Müthiş! Müthiş! Müthiş!
Yürümeye ve bisiklete binmeye ihtiyacımız var!
Bir süredir işe bisikletle gidip geliyorum , pazartesi sendromu ve stres yaşamıyorum. :) Bisiklet sürmek insana bambaşka bir enerji veriyor. Bisiklet sürmenin en önemli güzelliği, üzerinizde birikmiş olan negatif enerjiyi pedal çevirerek atmanız. Rüzgarı, çiseleyen yağmuru,çiçeklerin kokusunu hissetmeniz ve hatta yerde yürüyen bir böceği görerek yön değiştirebilmeniz... Adeta doğanın bir parçası olduğunuzu anlıyorsunuz.
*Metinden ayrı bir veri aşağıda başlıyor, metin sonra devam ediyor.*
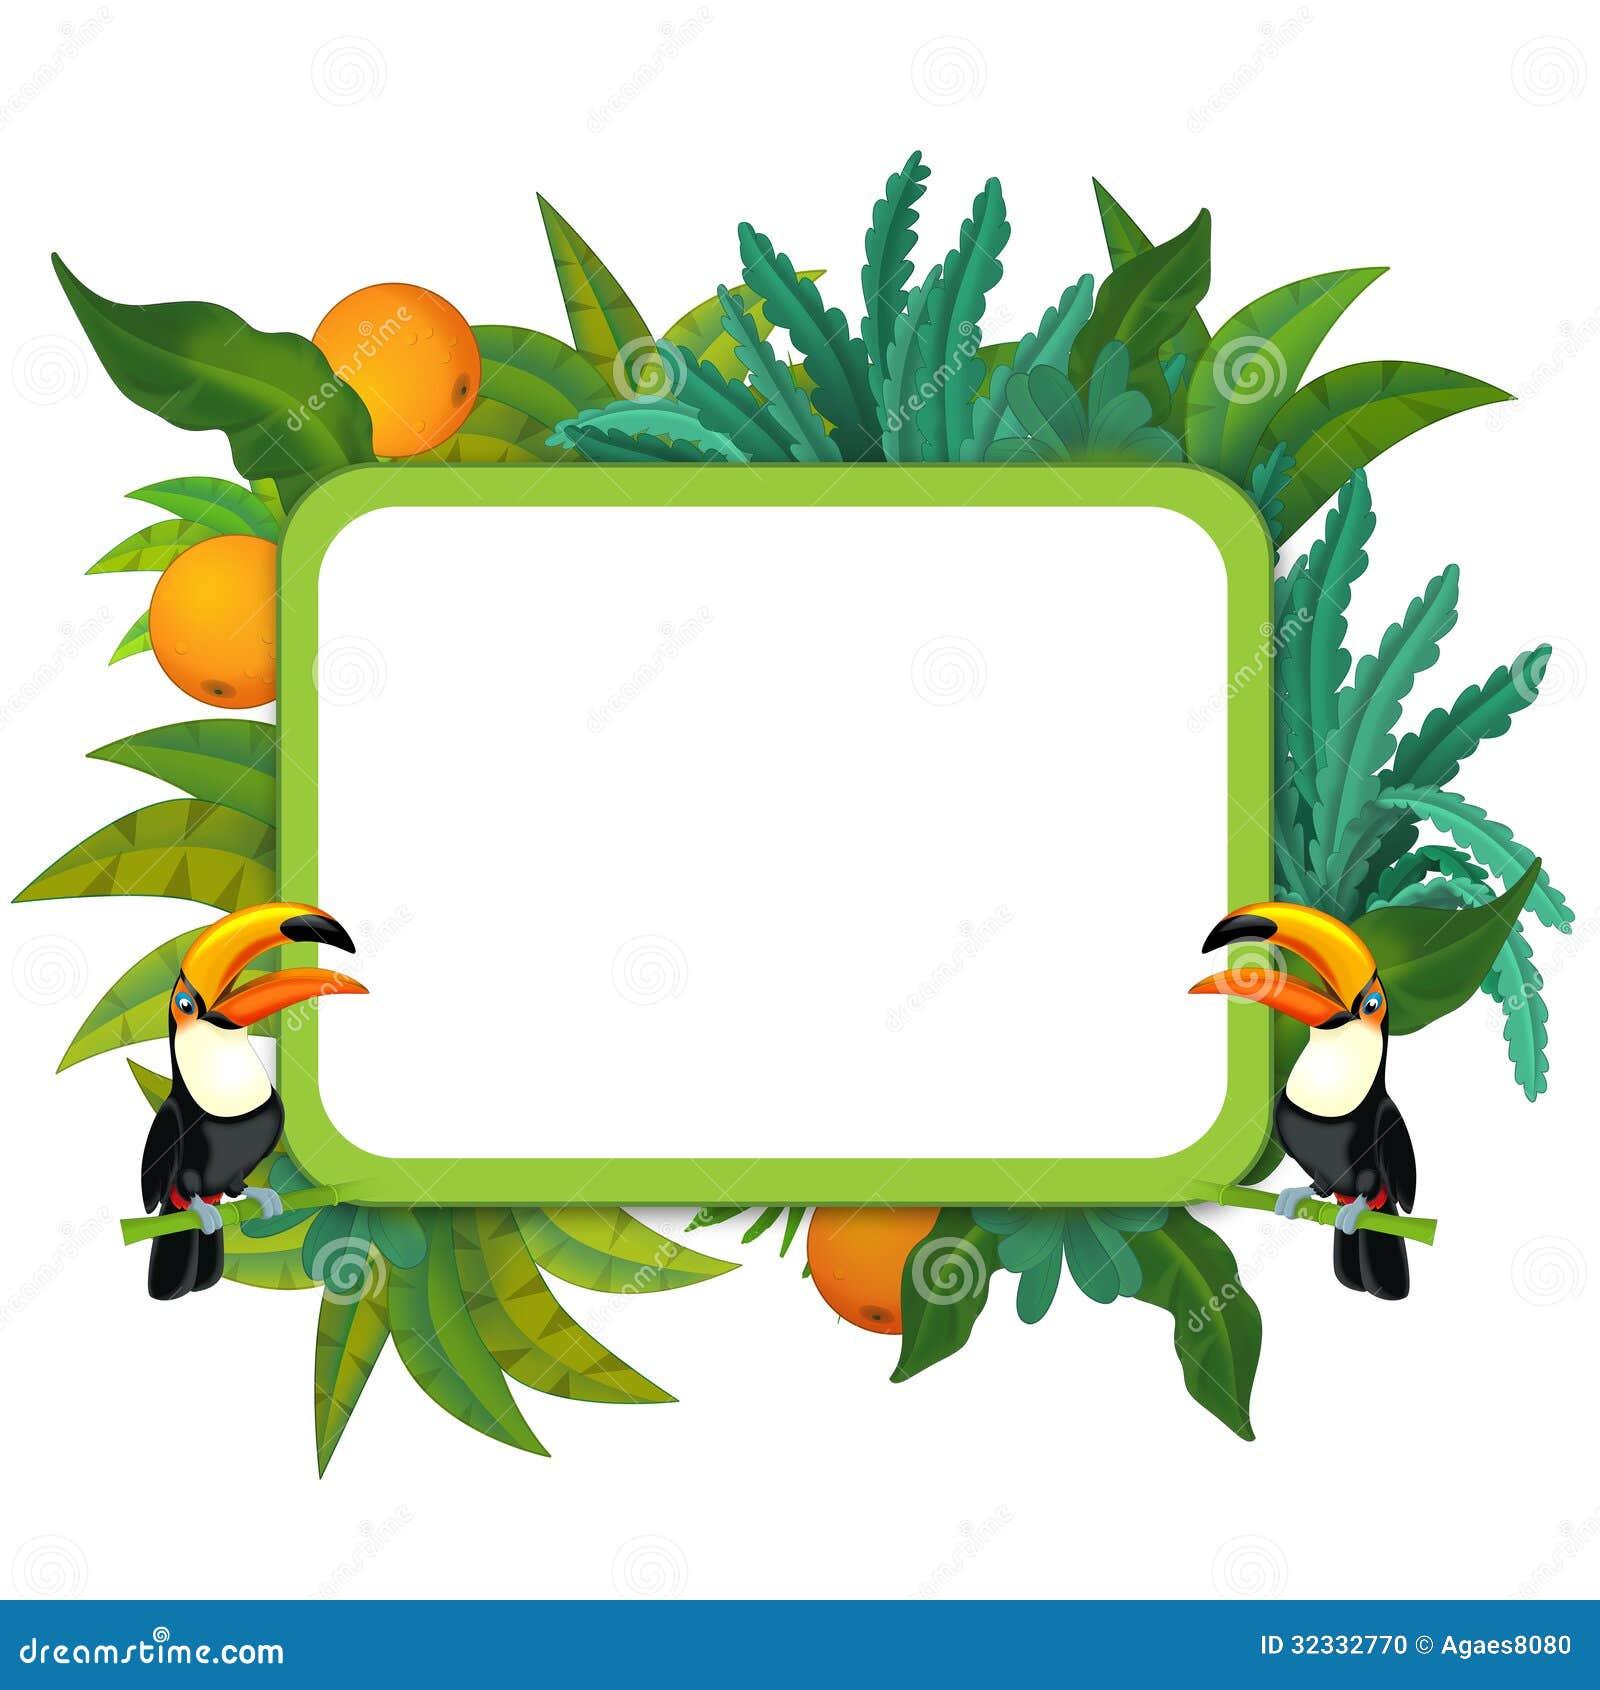 横幅-框架-边界-森林探险队题材-孩子的例证图片

Biliyorum, kontak anahtarını ve direksiyonu çevirmek bu kadar kolayken , sıcaktan , soğuktan, yağmurdan, çamurdan , egsoz gazlarından korunaklı bir arabanın içinde ilerlemek varken, üstelikte bisikletlileri hiç kimsenin aklına getirmediği bir ülkede , "bisikletle işe gidin " demek pek kolay değil.
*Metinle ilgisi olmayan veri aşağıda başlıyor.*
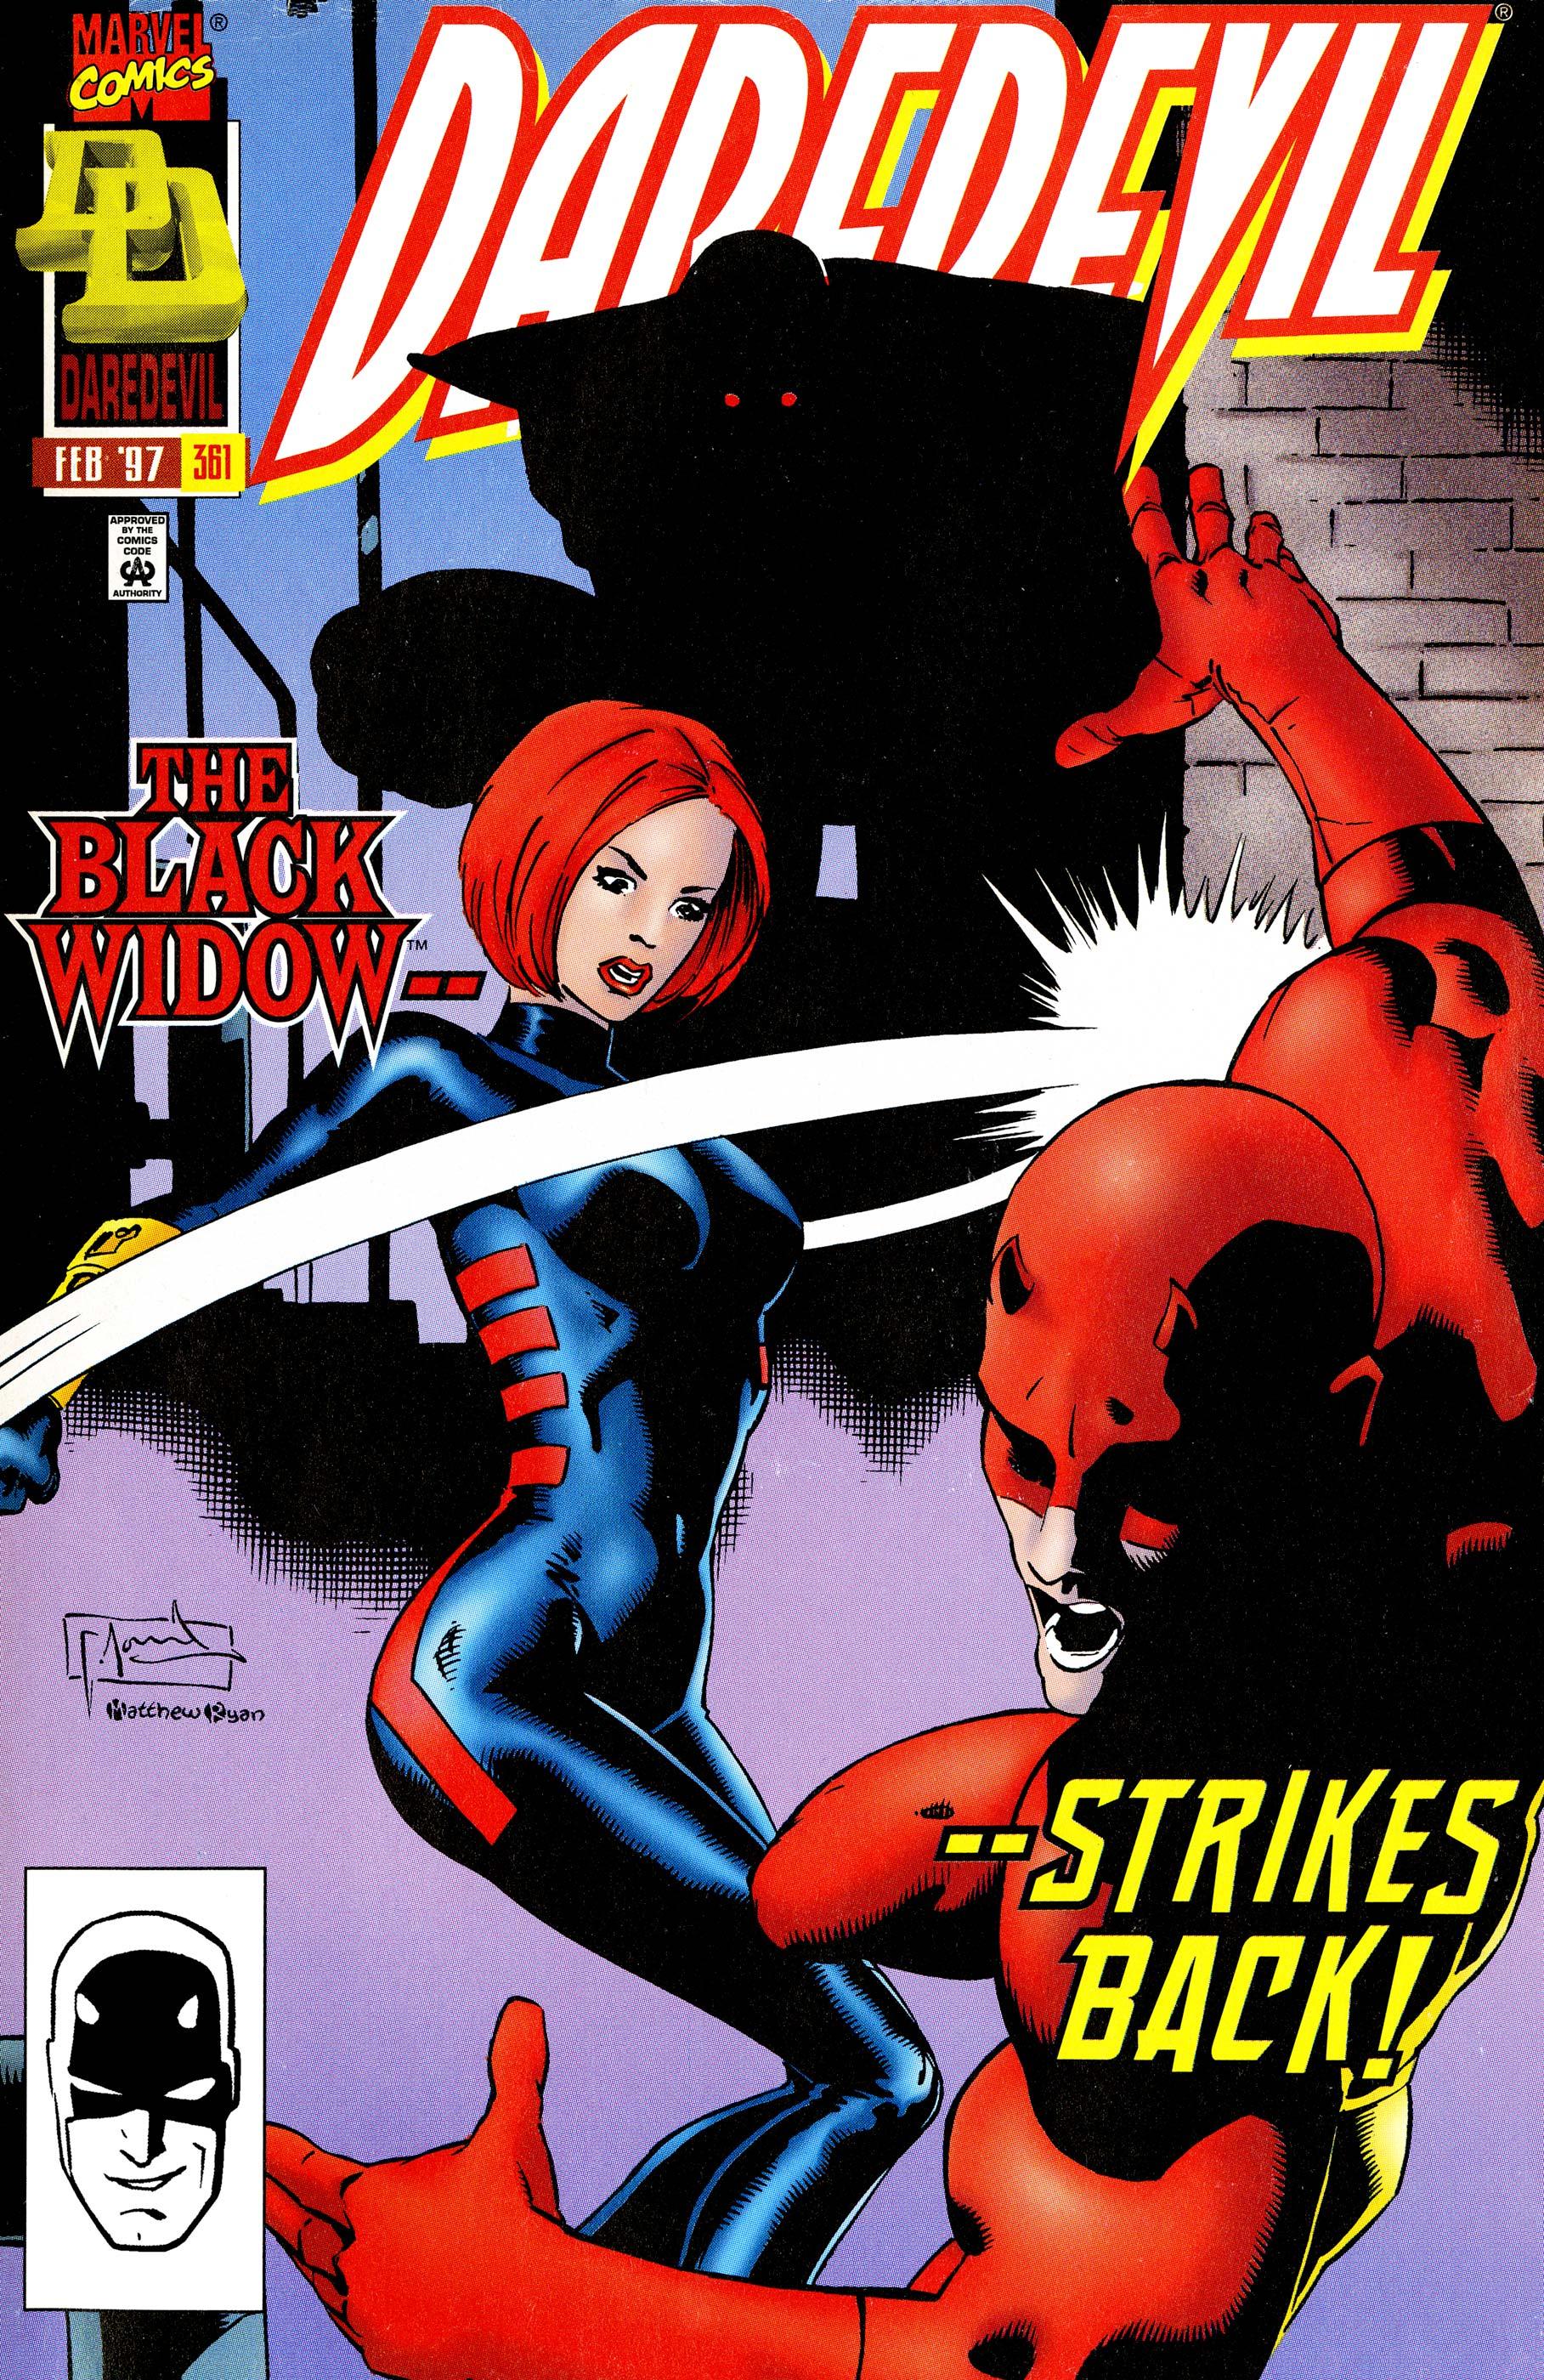 Daredevil (1964) #361

Ama güzel bir bahar gününde bisikletle evden çıkıp , herşeyin iyi olacağı hissiyle kendi gücünüzle ilerlemek, insana farklı bir huzur ve özgüven veriyor.
İşte benim bisikletle oluşturduğum kısa hikayem böyle. Ama bisikletle çok daha büyük maceralar yaşamış olanlar var; Emre Tok , bisikletle binlerce km yapmış bir gezgin.http://www.geziyorum.net/ adresli sitesinde paylaşmış herşeyi. "Bisikletle İşe Gidiş " başlığında da ilgilenenlerin mutlaka okuması gereken bir dergi var.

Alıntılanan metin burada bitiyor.